В ответ тот потрясал здоровенной бухгалтерской книжищей, списанной когда-то за ненадобностью и выпрошенной у бухгалтеров. В ней было несколько глав его будущего романа, написанных от руки шариковой ручкой. Эра компьютеров ещё не наступила, а пишущей машинки у слесаря-писателя Мышеслава не было.
Роман начинался пространным описанием детства героя, подозрительно смахивающего на детство самого потомка польских дворян. Далее герой в тринадцать лет женился на одногруппнице из детского сада и начинал активно заниматься наукой, точнее разработкой теории полётов к дальним звёздам. Затем следовало крайне сухое и нудное изложение самой теории.
- Это реферат, - сказала Раиса-старшая, жена непризнанного гения. - На роман никак не тянет.

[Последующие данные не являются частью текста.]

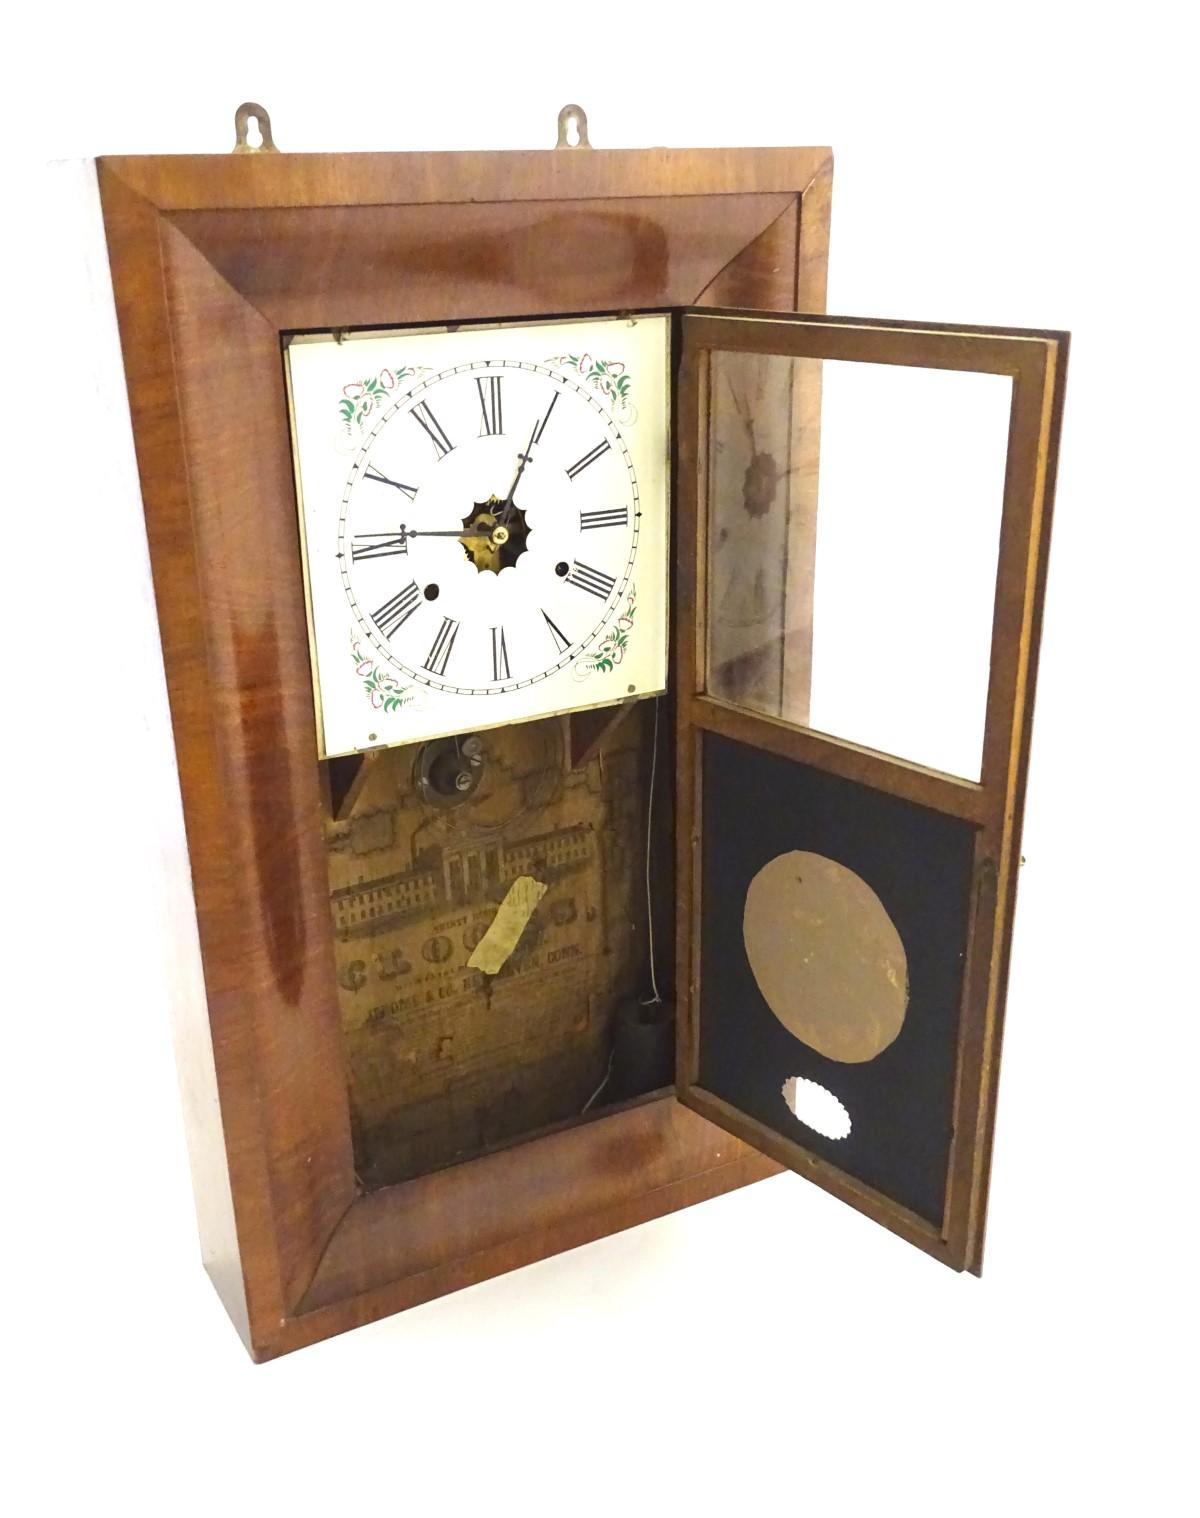 Lot 28 - Wall Clock : a mahogany American 'Kipper ' 8 day Wall Clock marked ' Jerome & Co , New Haven , Conn.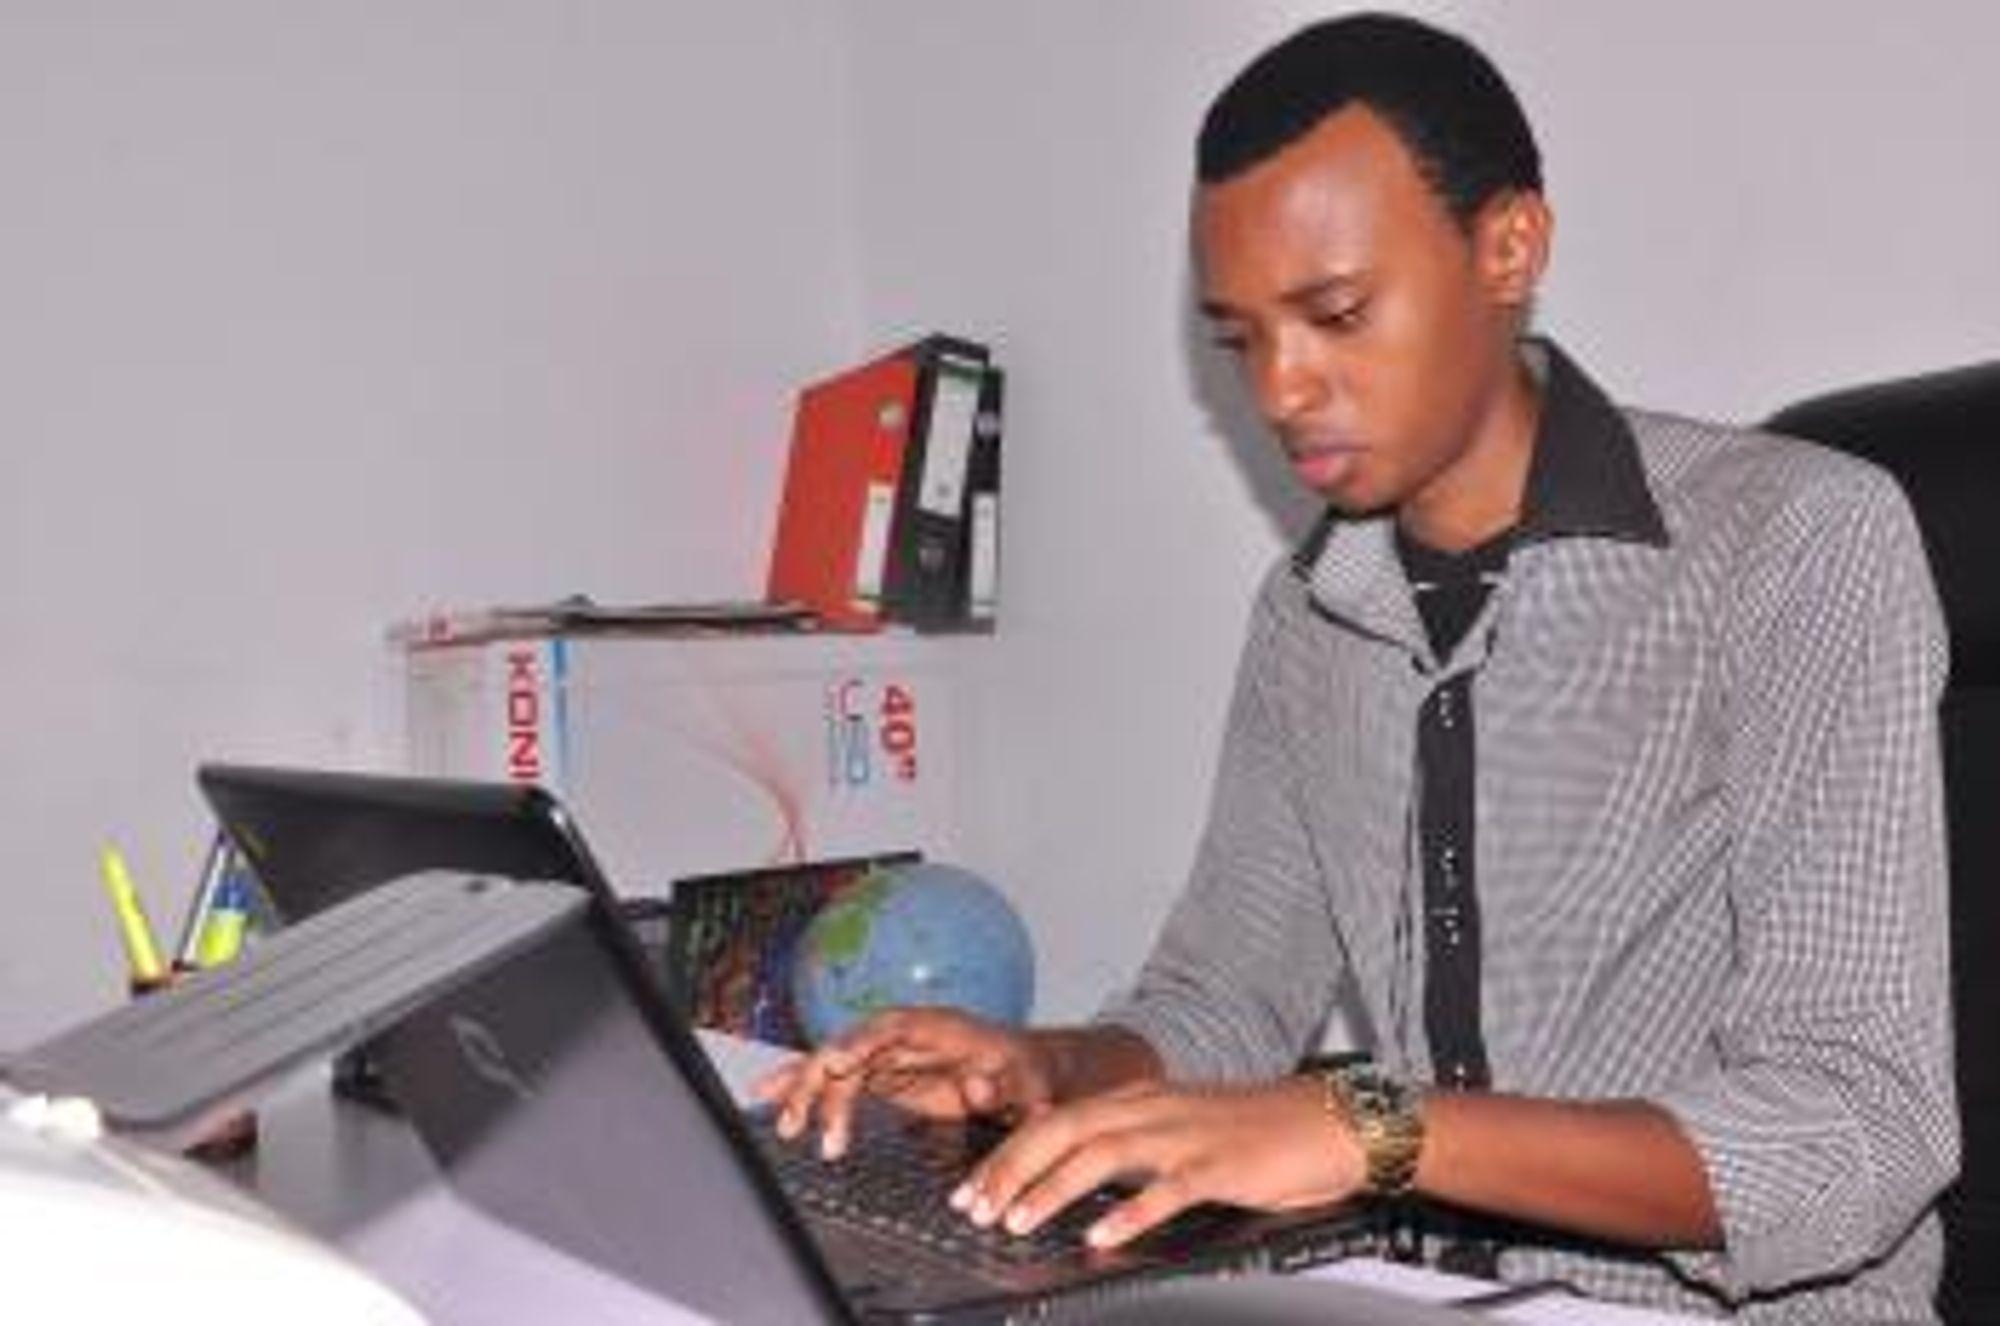 Alain var 14 år da han startet sin lille IT-bedrift. Foto:Ms Rose Lyadede.

Тот в ответ разразился таким гневом, что обе Раисы, мать и дочь, полночи потом не могли заснуть. Мать думала о том, как ей не повезло в жизни. Надо было такому случиться, что из десятков претендентов на её руку она выбрала именно это! Мышеслав был явно мелковат для неё, из симпатяги быстро превратился в сморщенную лысенькую обезьянку, заработать никогда не умел и не стремился, застебал их с дочерью бытовыми придирками и злыми насмешками, а теперь ещё и за писательство принялся в своей обычной манере злобного, трепливого бездельника.
- Он ненормальный, - сказала ей однажды Раиса-младшая. Назвать дочь именем матери тоже было идеей Мышеслава. - Он ходит по знакомым, треплет языком о своём романе, сам позорится и нас позорит. Надо мной ребята уже смеются.
- Пусть на своих отцов полюбуются! - Зло вскинулась мать. - Их отцы пьют и бьют их с матерями!
- Ну, во-первых не у всех, а, во-вторых...
- Заткнись! Не умничай! Рассуждать она ещё будет! Ты дура и ничего не понимаешь!
Это был аргумент, против которого переть бесполезно. Можно и на пощёчину нарваться, а то и плевок в лицо. Оно и понятно. Матери и так плохо, а тут ещё эта малолетняя дрянь лезет, раны солью посыпает.            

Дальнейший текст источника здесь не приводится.